(Beginning of Extracted records)

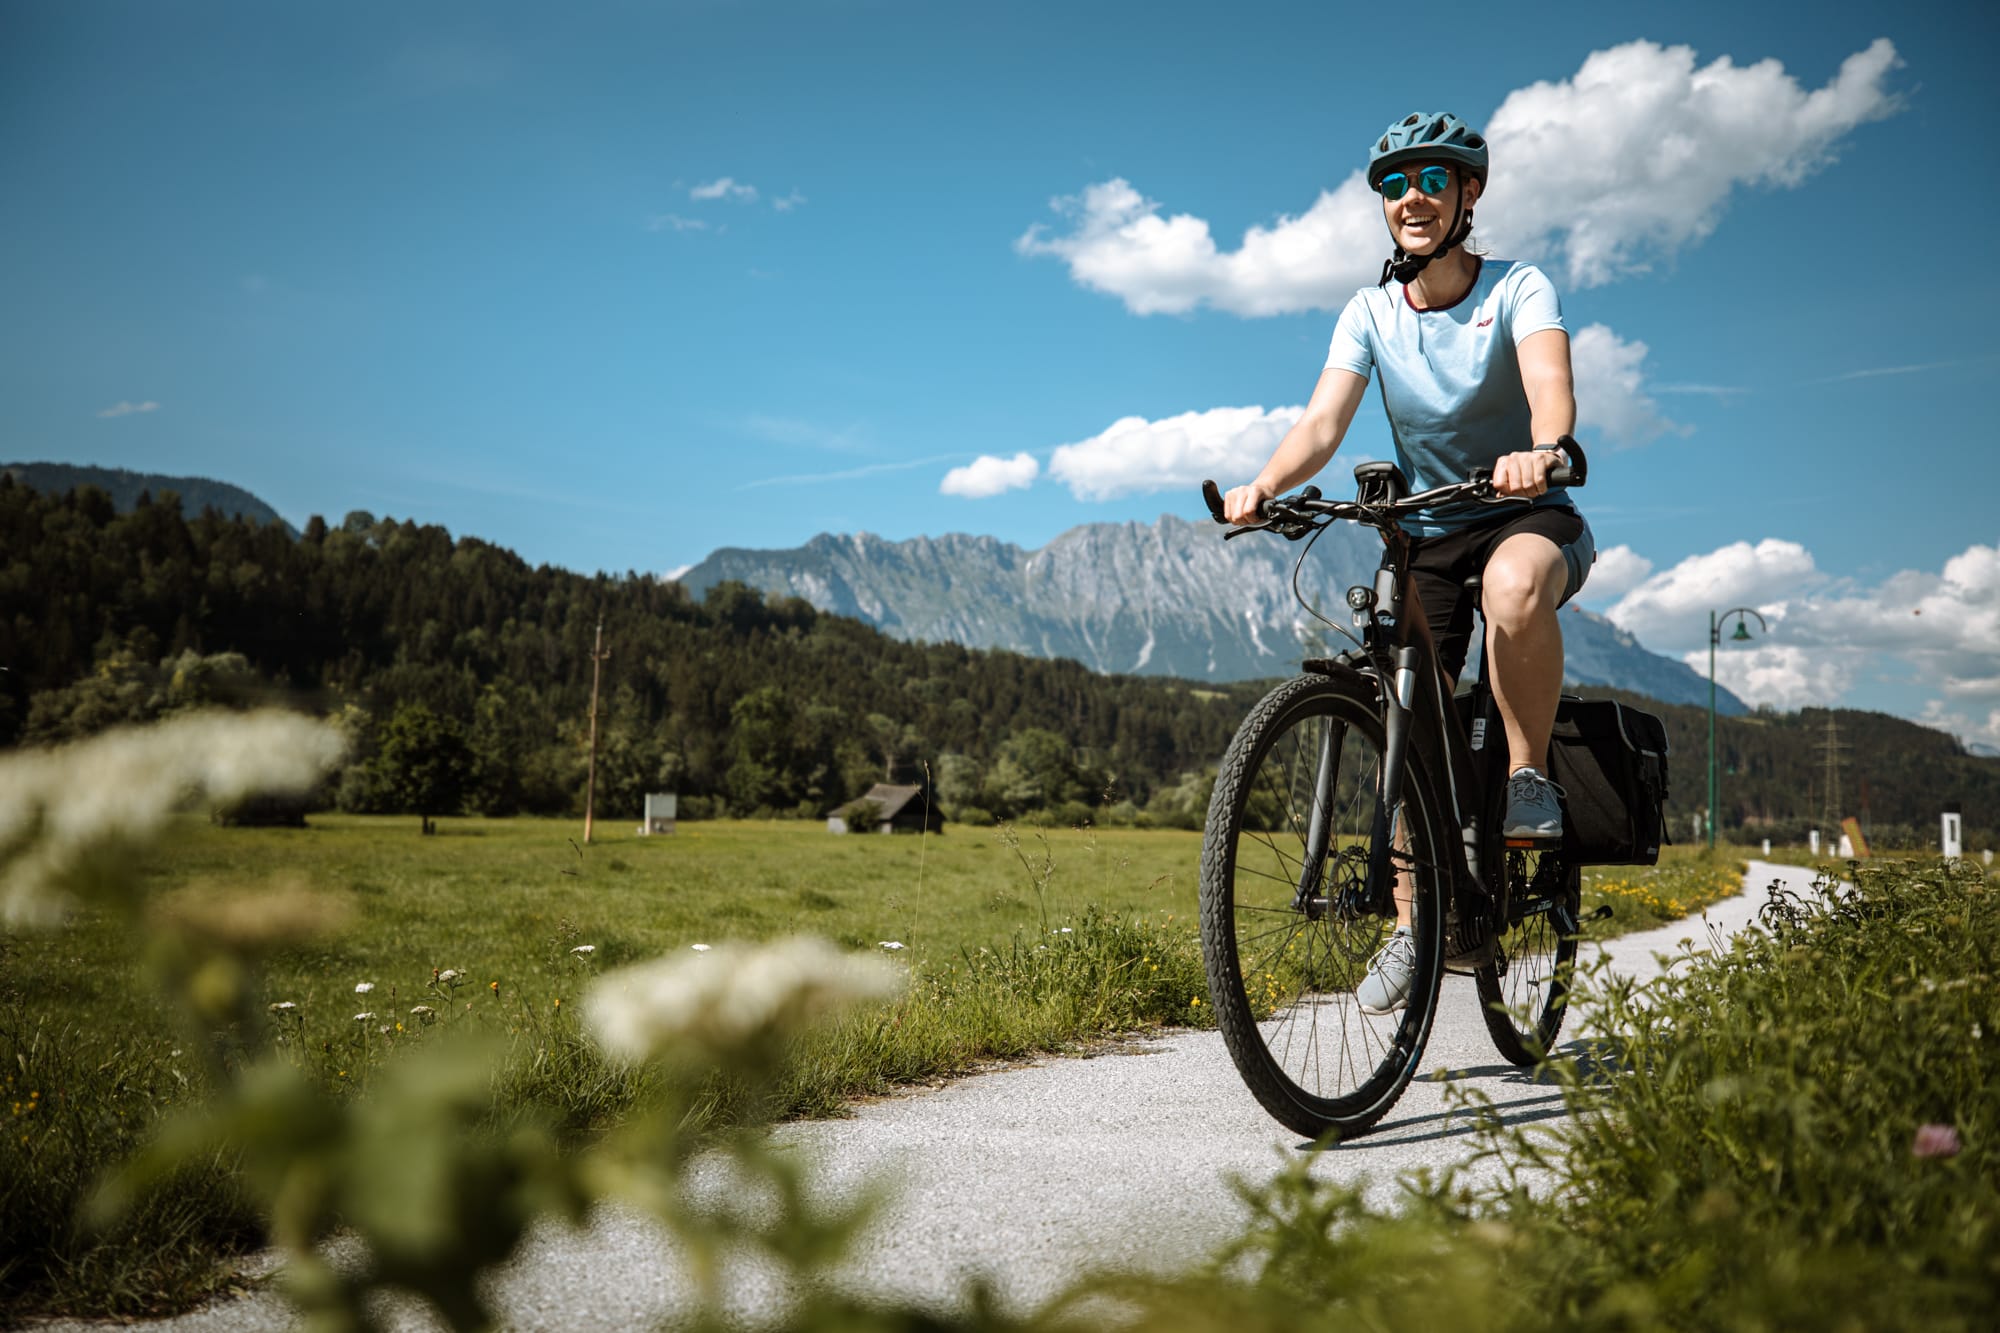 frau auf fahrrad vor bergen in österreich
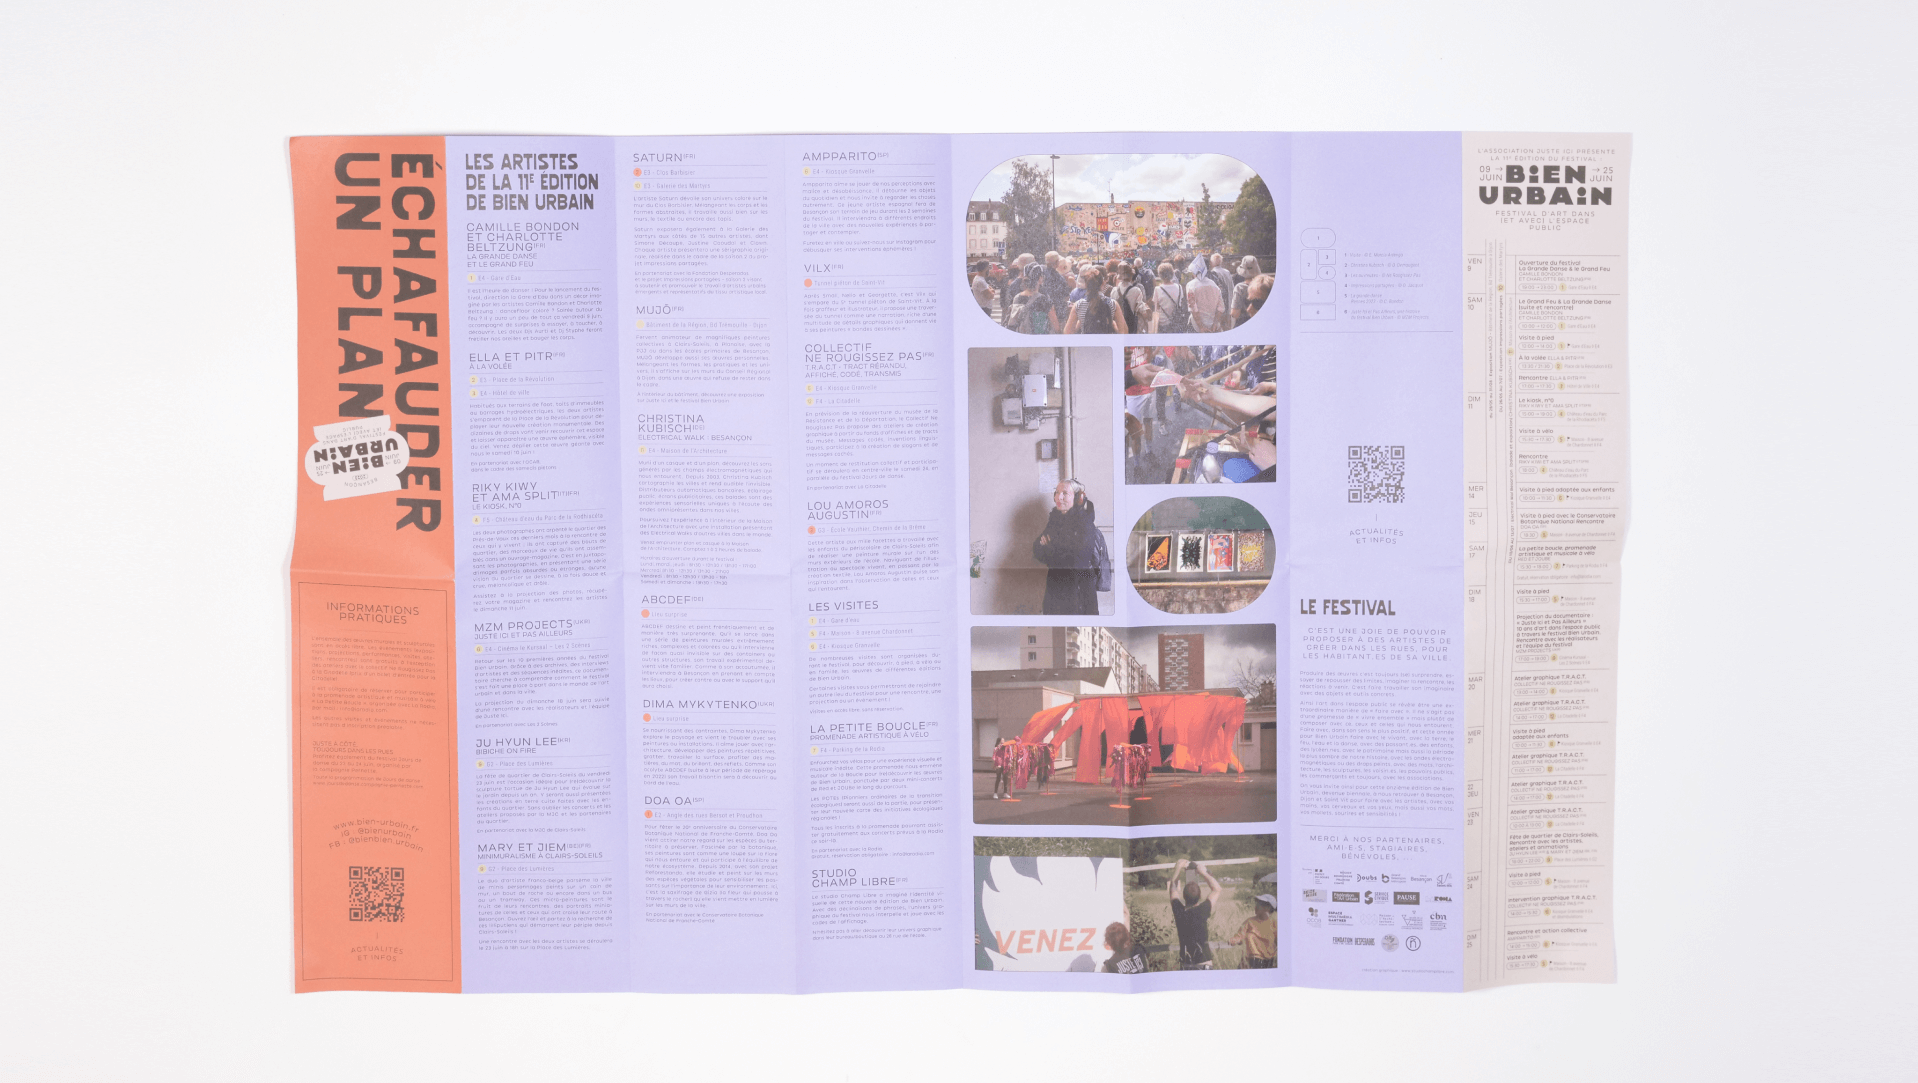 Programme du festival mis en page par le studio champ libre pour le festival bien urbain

(End of Extracted records)
(Beginning of Extracted records)

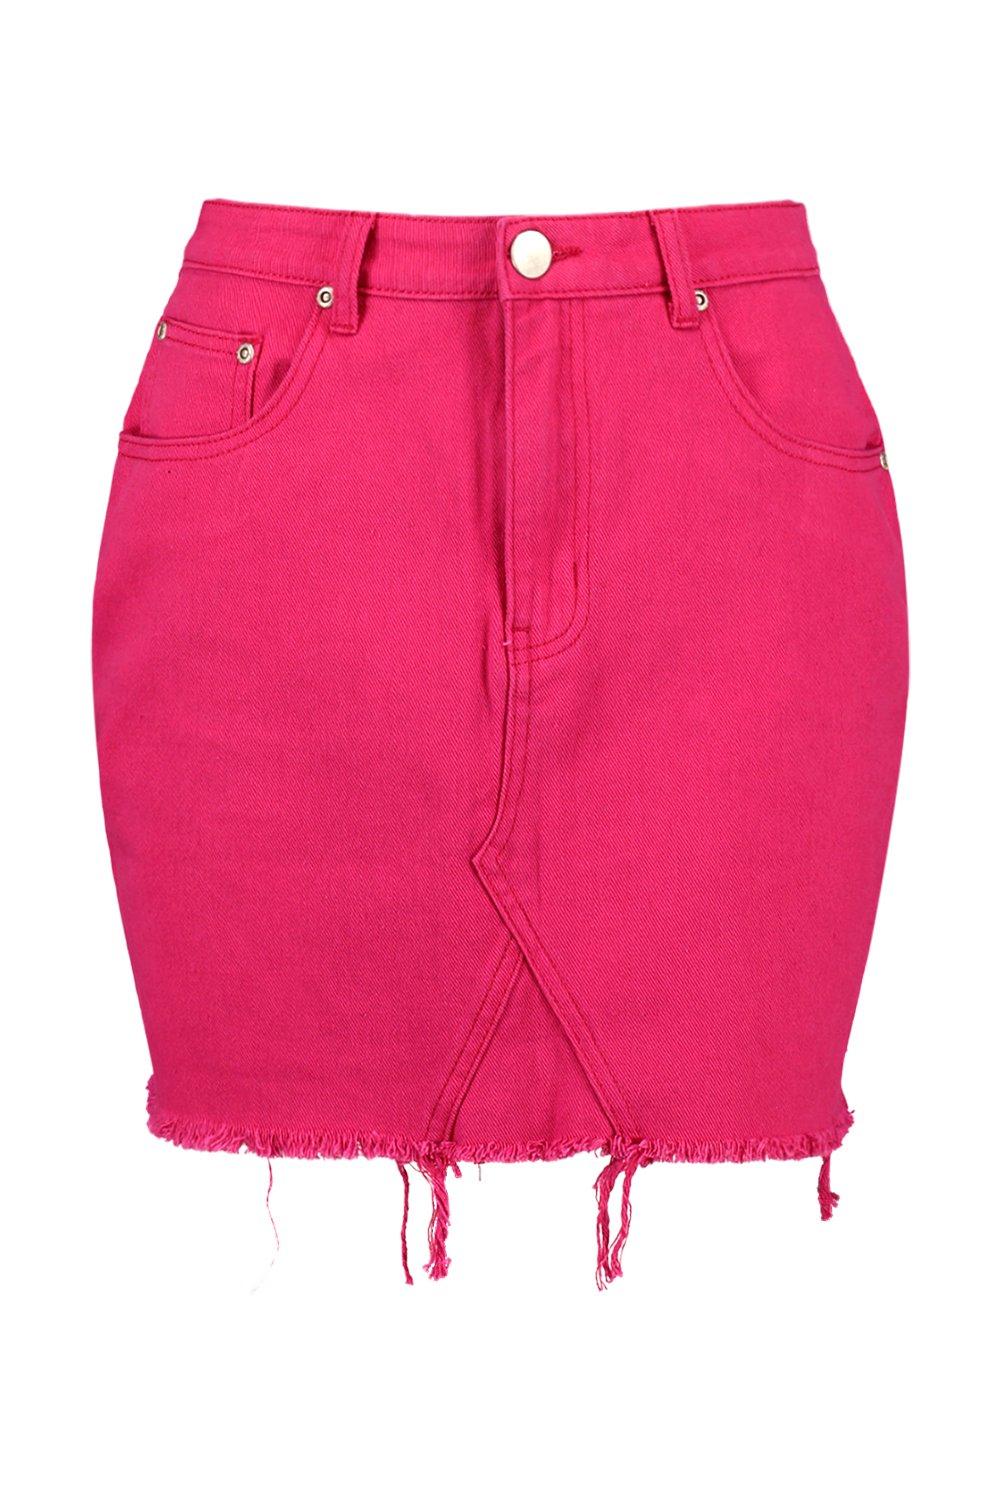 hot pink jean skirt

(End of Extracted records)

Output exactly, and only, the lines of the entries above from the one with "frau auf fahrrad vor bergen in österreich" up to and including the one with "Programme du festival"; pictures are to be left out.

* _Answer to this task_:
 frau auf fahrrad vor bergen in österreich
 Programme du festival mis en page par le studio champ libre pour le festival bien urbain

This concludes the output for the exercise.